Stratiotes aloides, commonly known as water soldiers or water pineapple, is a submerged aquatic plant native to Europe and northwestern Asia. In Britain it was once common in East Anglia and still is in many places, particularly wet ditches and healthy ponds. It is the only species in the genus Stratiotes.

Invasive species

Stratiotes aloides has been found in the Trent River in eastern Ontario, Canada.

Description
Stratiotes aloides has a rosette of serrated leaves, lanceolate, up to 30 cm long in tufts.  White flowers are up to 45 mm across with many stamens in the male plants are produced in the summer.

Ecological aspects
In the summer this plant floats on the water surface with the leaves just above the surface. In the autumn they become covered with a slimy secretion (calcium carbonate) and the whole plant sinks to the bottom to rise again in the spring. Fossils have been found of this plant.
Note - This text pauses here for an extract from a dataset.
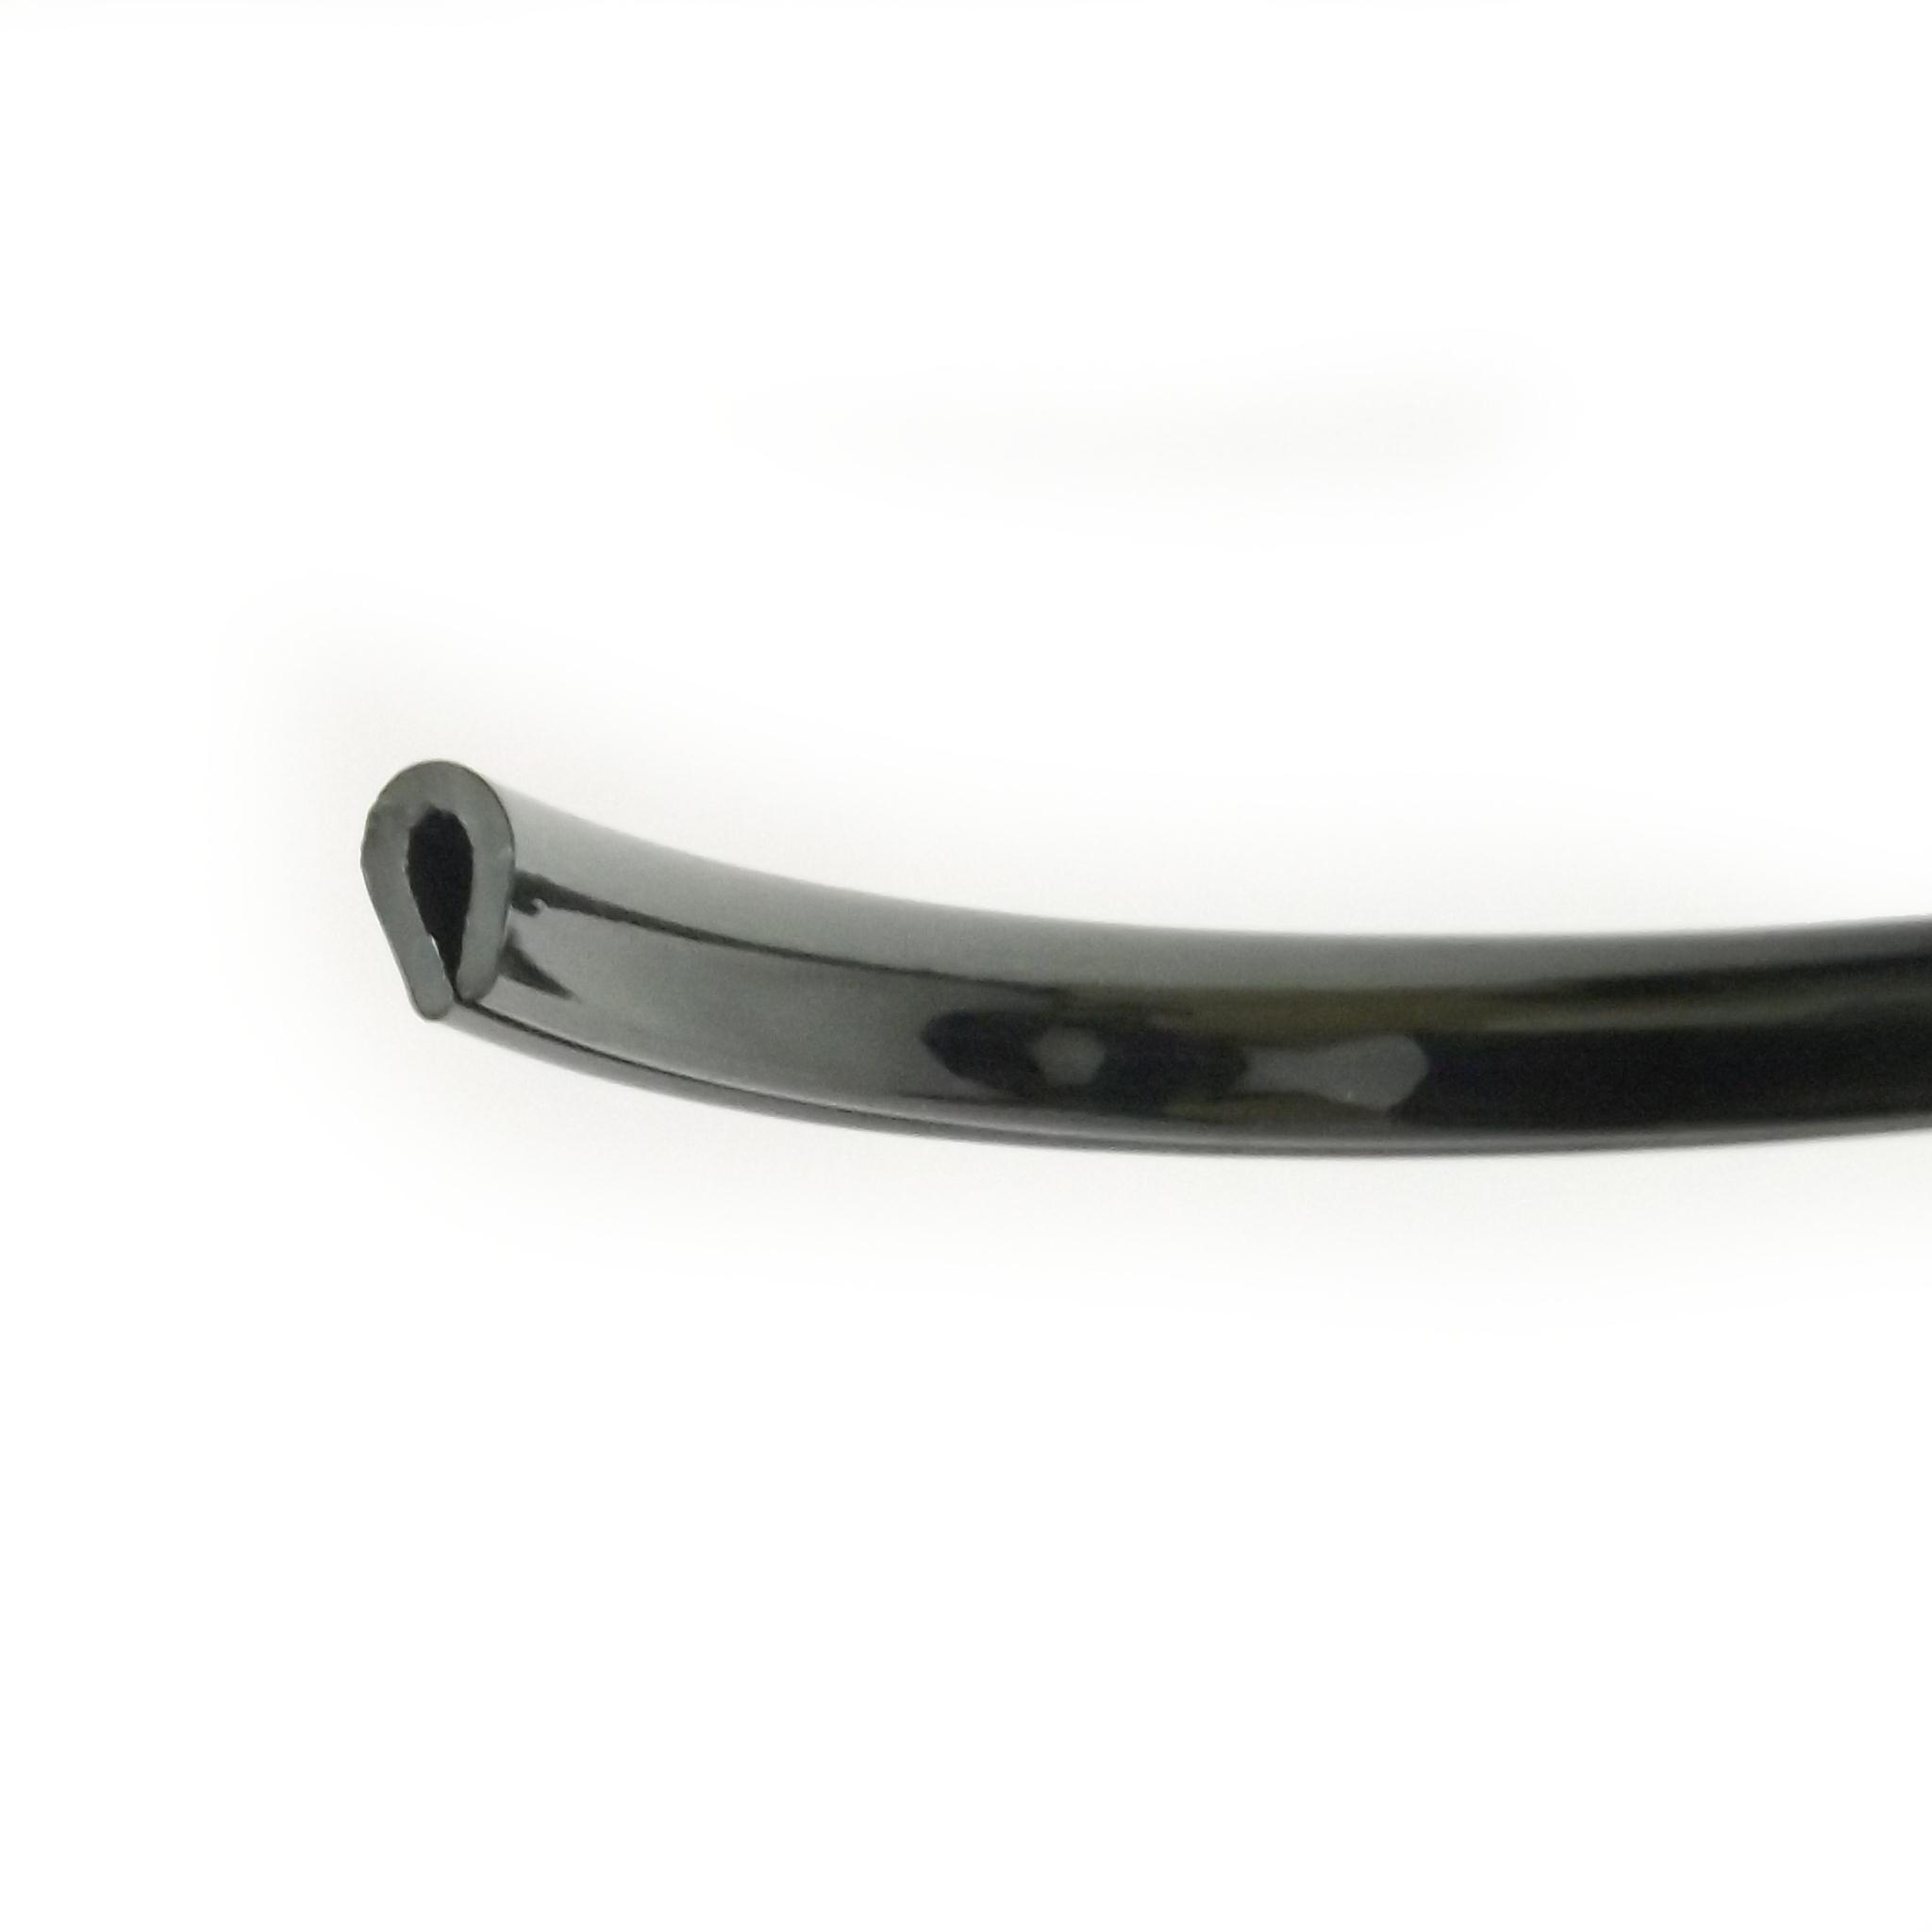 Small Black Protective PVC Edge Trim - Gloss Black

Plants are dioecious, male and female plants must be grown if seed is required. Only the female plant occurs naturally in Britain, though plants with hermaphrodite flowers are also found occasionally. Seed is never set in Britain, the plants increasing mainly by offsets.

Distribution
In Ireland, it is found in shallow waters where it was introduced. Apparently now extinct in the north-east of Ireland. Rare in east England.

Cultivation
Most suitable for the cool aquarium or pond.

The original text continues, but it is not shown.